The script implements expression detection and translation in the following fields in group/device documents at DB:

-   active.expression
-   active.entity_name
-   attributes.expression
-   attributes.entity_name
-   attributes.expression
-   commands.expression
-   endpoint
-   entityNameExp
-   explicitAttrs

### Known issues

#### Execution with `expressionlanguage` set to `jexlall`

When executing the script with `expressionlanguage` set to `jexlall`, the script will look for all the documents
containing legacy expressions (in some of the [expression capable fields](#fields-in-which-expressions-may-be-used)) or
the existence of the `expressionLanguage` field. This would change the number of documents found, and the statistics
will include extra documents.

Running the script with the option set to `jexl` would not include such extra documents in statistics.

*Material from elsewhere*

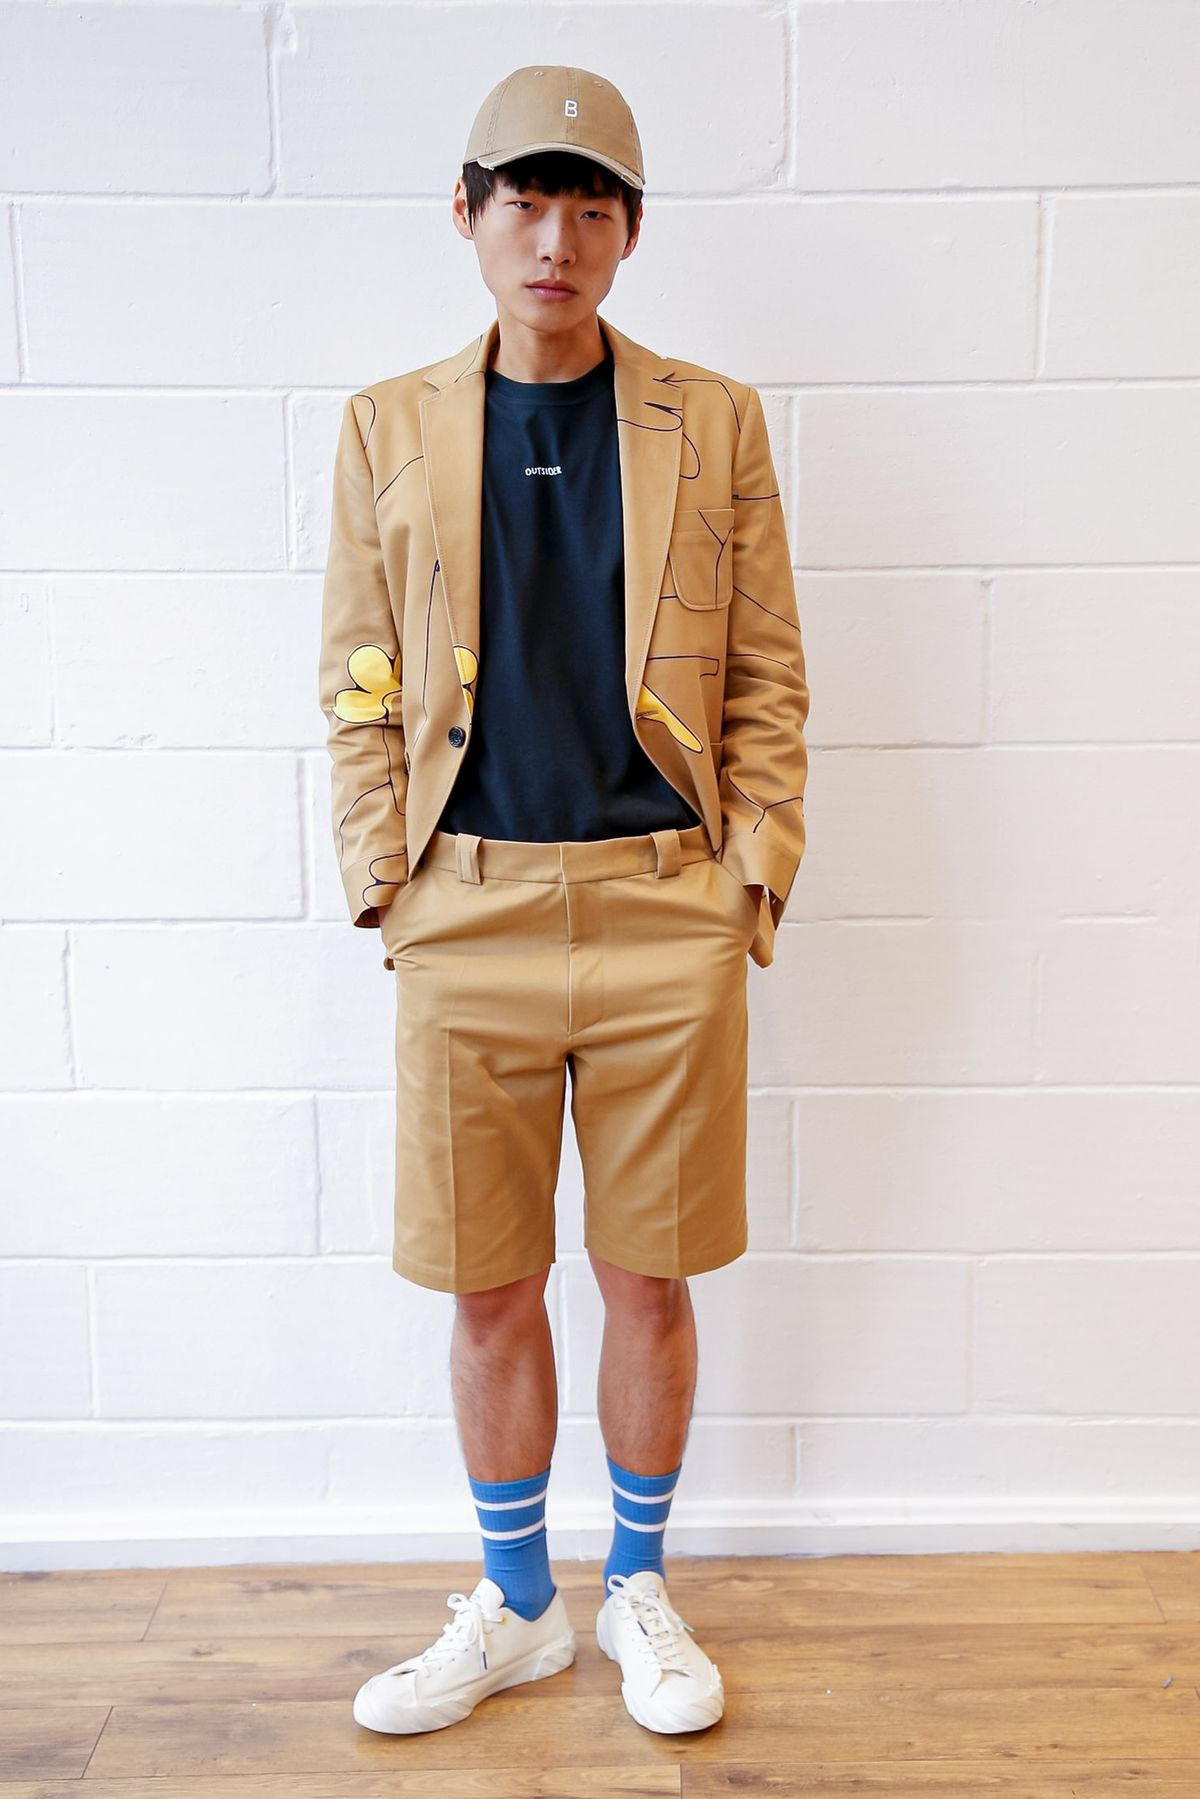 quan short bermuda - elleman - 0421 - elle man style calendar - smart casual - fashionably male

#### Replacing expression without setting jexl at group or device level

When executing the script setting `--expressionlanguage` to `ignore` (or when `--expressionlanguage` is not used), the
script will not change the`expressionLanguage` field in the document. This means that the legacy expressions will be
replaced, but the `expressionLanguage` field will still be set to the default value or legacy. This would make
expression evaluation to fail, propagating the value of the attribute as the expression literal to the context broker.

To avoid this, it is recommended use always the `--expressionlangauge` parameter set to `jexl`, so doing it a value
different from `ignore` will be used.